Otro aspecto relevante a tener en cuenta es que existen dos versiones del Fukan za zen gi con contenidos marcadamente diferentes. La primera, redactada en el 1233 y que es la traducida aquí, y la segunda, incluída en su antología Eihei koroku, escrita en 1244. Esto evidencia una continua reelaboración del texto a lo largo de su vida, con un escrito inicial donde enfatiza la descripción del proceso meditativo, y otro posterior donde subraya su consumación. Por tanto, en vez de considerarse antagónicas, ambas versiones engarzan una complementariedad indisoluble, es decir, la primera no podría entenderse sin la última y viceversa.

El texto se abre con una hilera de preguntas sobre la inutilidad de la práctica del Dharma, pues todos los seres “ya están innatamente iluminados”. Aquí Dôgen hace una crítica irónica a un postulado muy popular de su época, la “iluminación original” (hongaku) emanada de círculos Tendai. El resto del Fukan za zen gi es la contundente respuesta a dicha perversión doctrinal: sin la práctica correcta junto a la guía correcta, es imposible manifestar iluminación alguna, ni “innata” ni “adquirida”.

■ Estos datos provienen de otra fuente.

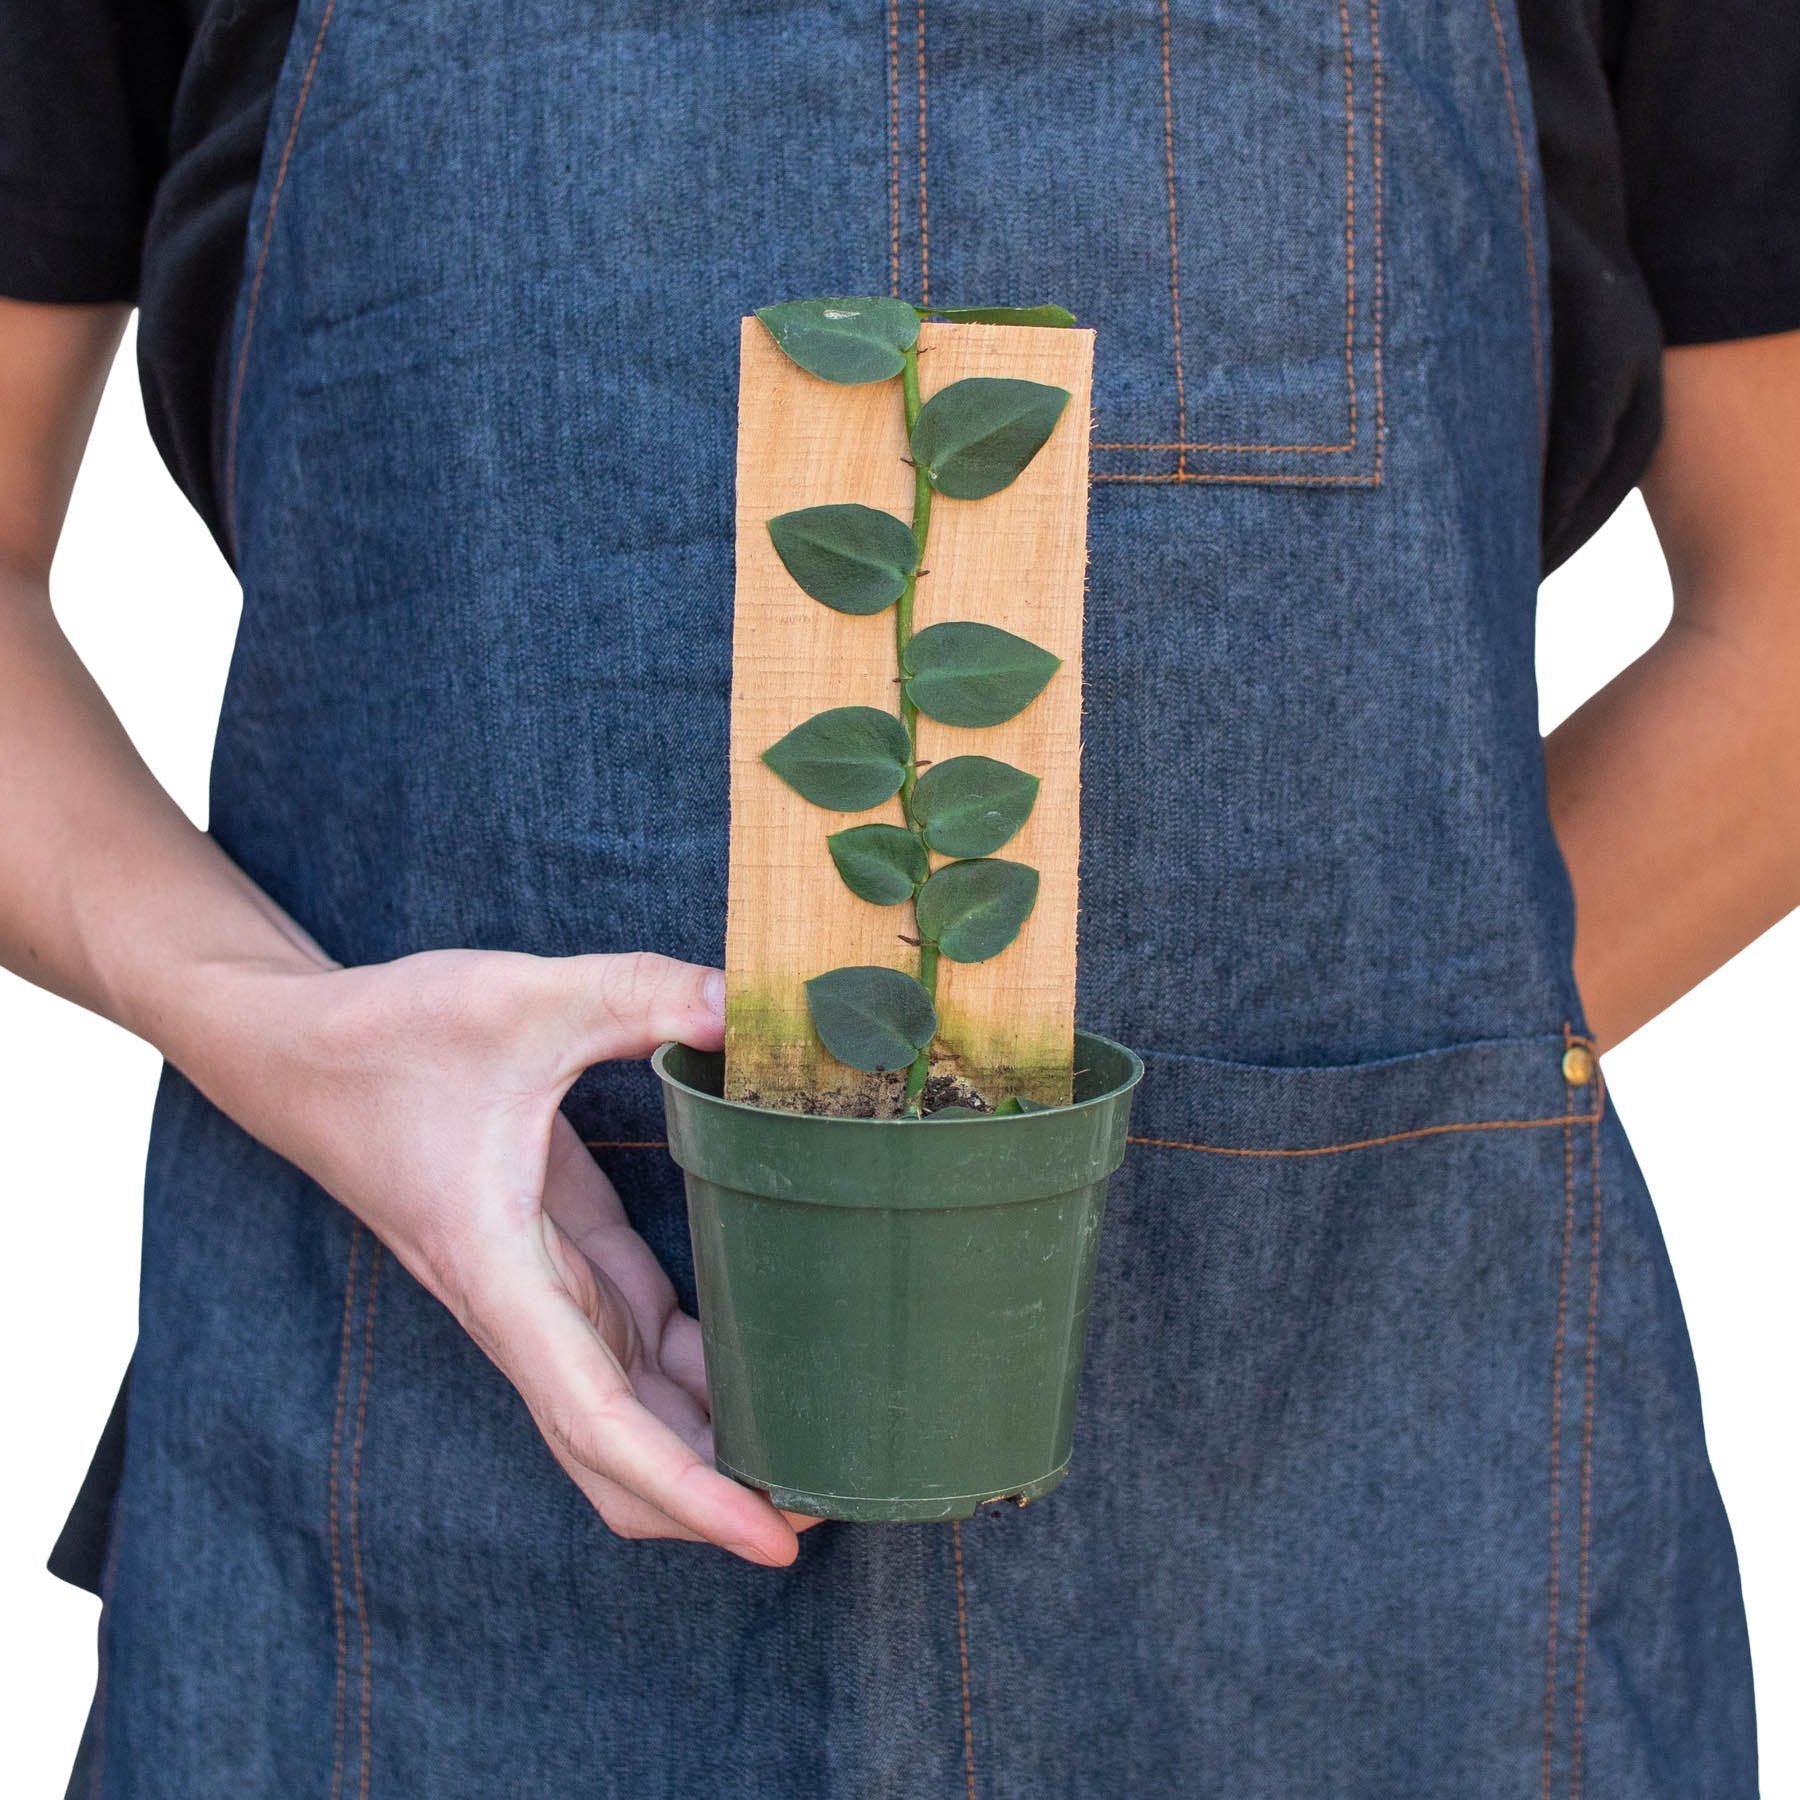 Rhaphidophora 'Shingle Plant' Indoor Plant - Mental Houseplants™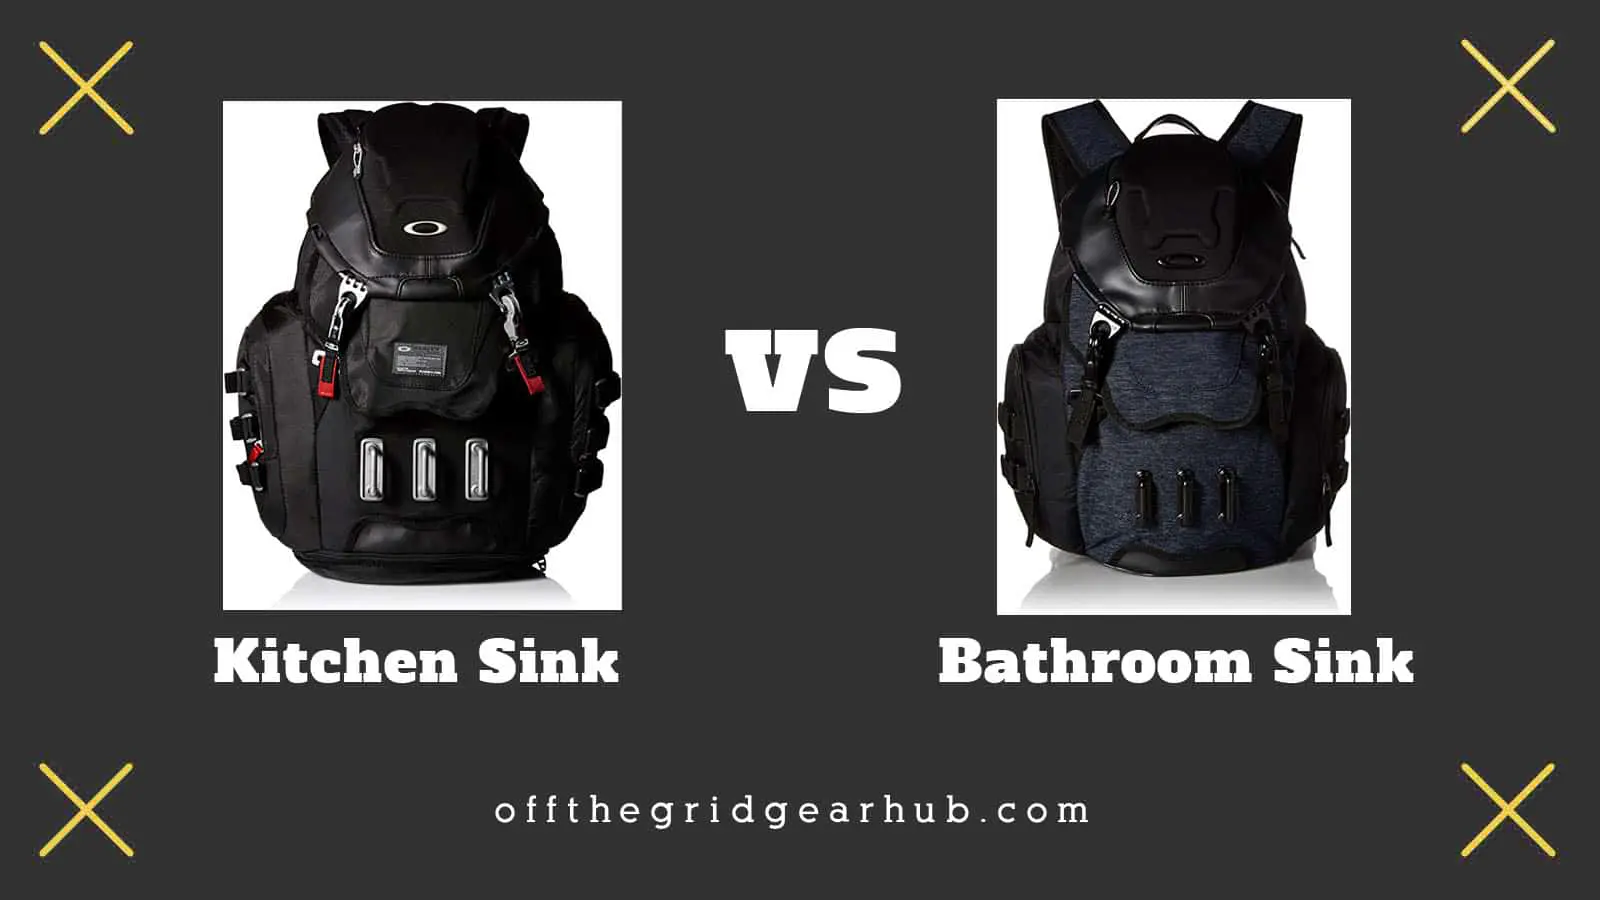 oakley bathroom vs kitchen sink vs big kitchen sink

Otro punto clave a tener en consideración es que Dôgen no desecha la actividad mental per se. Sólo desea que el meditador vaya más allá, se sitúe en un ámbito que rebasa el dominio de la mente discursiva, para después, retornar al “pensamiento recto”, pero esta vez liberado de la ilusión y cargado del “poder del samâdhi”, y con él, interactuar con los seres y el mundo de manera fructífera y transformadora. En este sentido, convendrá señalar que el Zen enseñado por Dôgen contiene “un gran gozo y una gran paz”, en el fluye la calma, la pureza y la alegría; por tanto, es completamente ajeno a ese Zen distorsionado, “adusto” “duro” y “sufriente”, preconizado en ciertos ámbitos alejados de su sentido primigenio.

La presente traducción se basa en el texto original en caracteres chinos (kanji) reproducido en el canon Taishô (T.), y la versión japonesa homónima tal como se recita, estudia y practica diariamente en el monasterio Zuiô-ji (Japón).